Since long ago there has been a difference in the wages man and women receive even in the same deparment or position. It is imperative to know how big this gap is right now and if beside once gender their age, job title or level of education have a significant impact in the disparity.
Glassdoor is the second largest job site in the U.S., following Indeed. It's a free digital platform that gathers information and reviews from employees or former employees about companies, salaries, and even job openings. Meaning that they have wide range of information in the dataset and it is updated in a yearly manner. The goal of this project is to identify which are the factors that with realation to gender have the greatest impact in the wage disparity and in what manner is it affected.
If we are able to create an accurate analysis of the disperities encounter in each job title. It will posible to identify and asses this issue in a different manner focusing on the new insight gain.
We will use a Kaggle Dataset of Gender Pay Gap to odserve how does the following feuteres affect the gender pay gap:
JobTitle | Gender | Age | PerfEval | Education | Dept | Seniority | BasePay | Bonus |
---|---|---|---|---|---|---|---|---|
Graphic Designer | Female | 18 | 5 | College | Operations | 2 | 42363 | 9938 |
Software Engineer | Male | 21 | 5 | College | Management | 5 | 108476 | 11128 |
Warehouse Associate | Female | 19 | 4 | PhD | Administration | 5 | 90208 | 9268 |
Software Engineer | Male | 20 | 5 | Masters | Sales | 4 | 108080 | 10154 |
Graphic Designer | Male | 26 | 5 | Masters | Engineering | 5 | 99464 | 9319 |
import pandas as pd
df = pd.read_csv('glassdoor_gender_pay _gap.csv')
df
JobTitle | Gender | Age | PerfEval | Education | Dept | Seniority | BasePay | Bonus | |
---|---|---|---|---|---|---|---|---|---|
0 | Graphic Designer | Female | 18 | 5 | College | Operations | 2 | 42363 | 9938 |
1 | Software Engineer | Male | 21 | 5 | College | Management | 5 | 108476 | 11128 |
2 | Warehouse Associate | Female | 19 | 4 | PhD | Administration | 5 | 90208 | 9268 |
3 | Software Engineer | Male | 20 | 5 | Masters | Sales | 4 | 108080 | 10154 |
4 | Graphic Designer | Male | 26 | 5 | Masters | Engineering | 5 | 99464 | 9319 |
... | ... | ... | ... | ... | ... | ... | ... | ... | ... |
995 | Marketing Associate | Female | 61 | 1 | High School | Administration | 1 | 62644 | 3270 |
996 | Data Scientist | Male | 57 | 1 | Masters | Sales | 2 | 108977 | 3567 |
997 | Financial Analyst | Male | 48 | 1 | High School | Operations | 1 | 92347 | 2724 |
998 | Financial Analyst | Male | 65 | 2 | High School | Administration | 1 | 97376 | 2225 |
999 | Financial Analyst | Male | 60 | 1 | PhD | Sales | 2 | 123108 | 2244 |
1000 rows × 9 columns
As this data comes from employees and employeers we may encounter some outliers when it comes to the basic pay. These outliers could just by one individual affect the size of the gap in a significant manner when it comes to certain job titles or departments.

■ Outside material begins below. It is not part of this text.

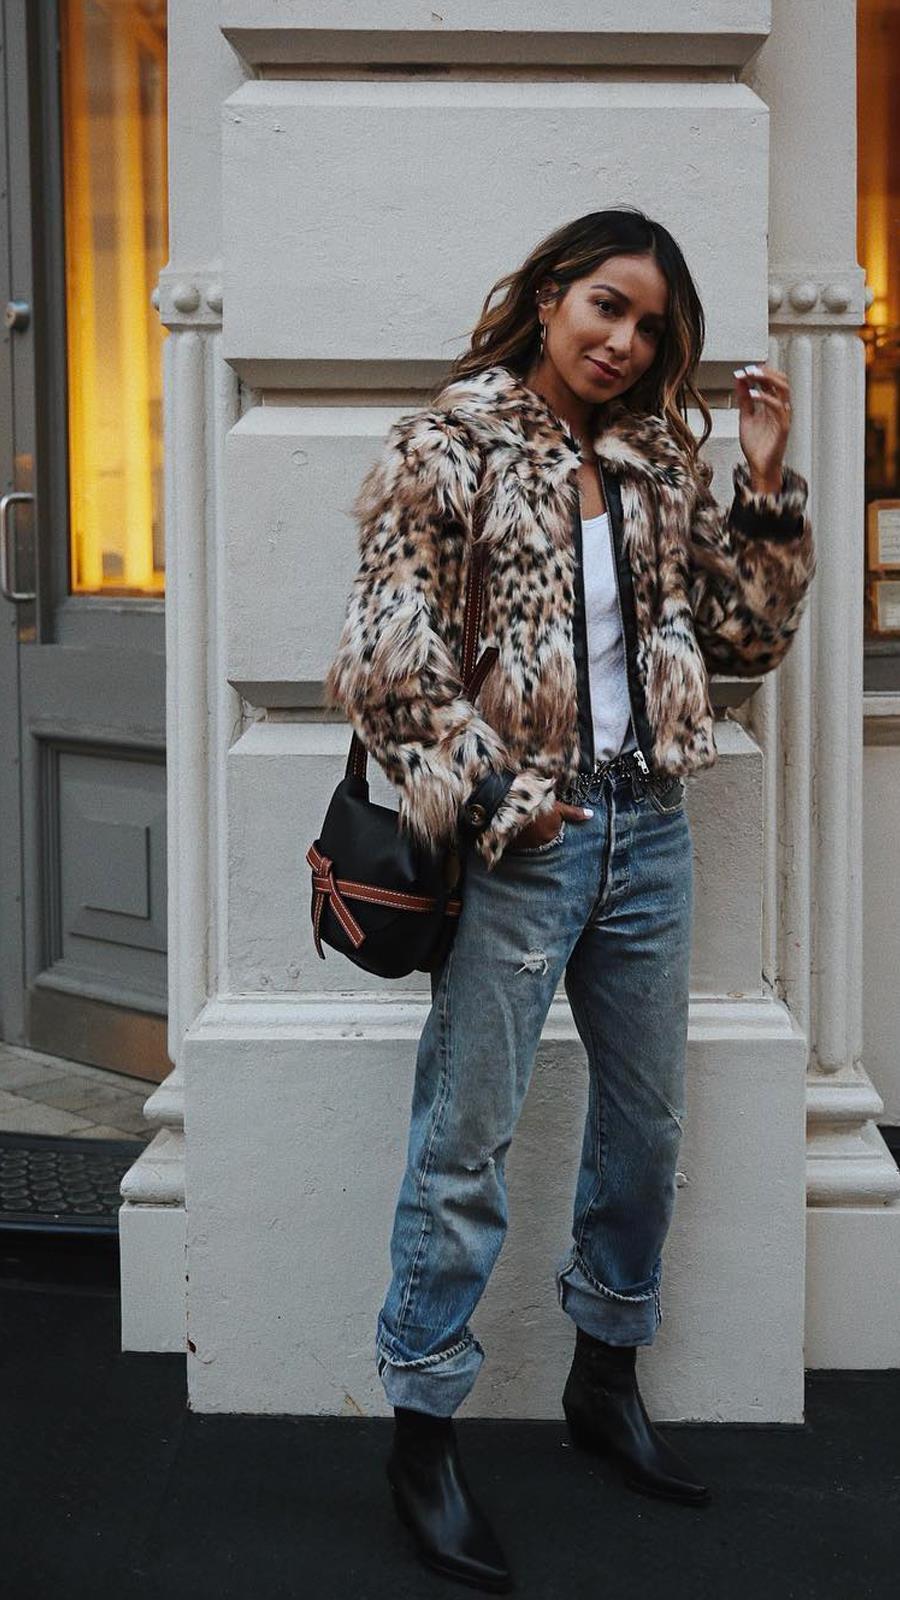 Abrigada y con estilo abrigo pelo sintético. ¿Abrigada y con estilo  e2b25dc0bf03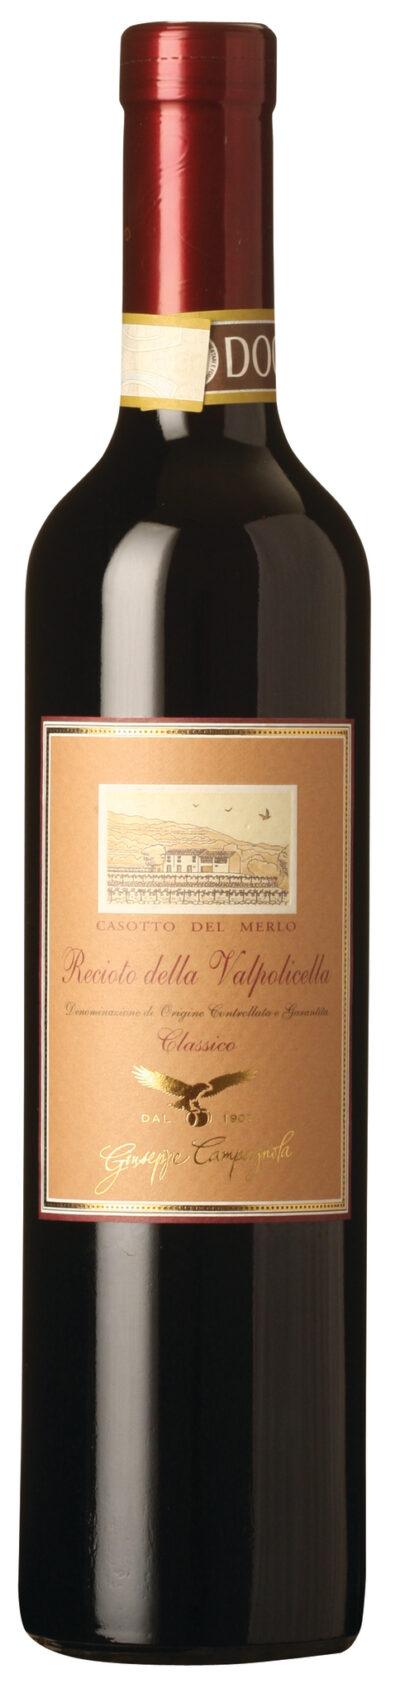 Campagnola Recioto Della Valpolicella Classico Casotto Del Merlo

We will first clean the data to get rid of the performance evaluation and bonus pay colums. Then look at the gender wage gap as a whole.Also, identify the top 5 jod titles and deparment in which the gap is bigger and smaller, and create a bar chart to visualize the gap. Utilize a scatter plot to show if there is any relation between education level and salary.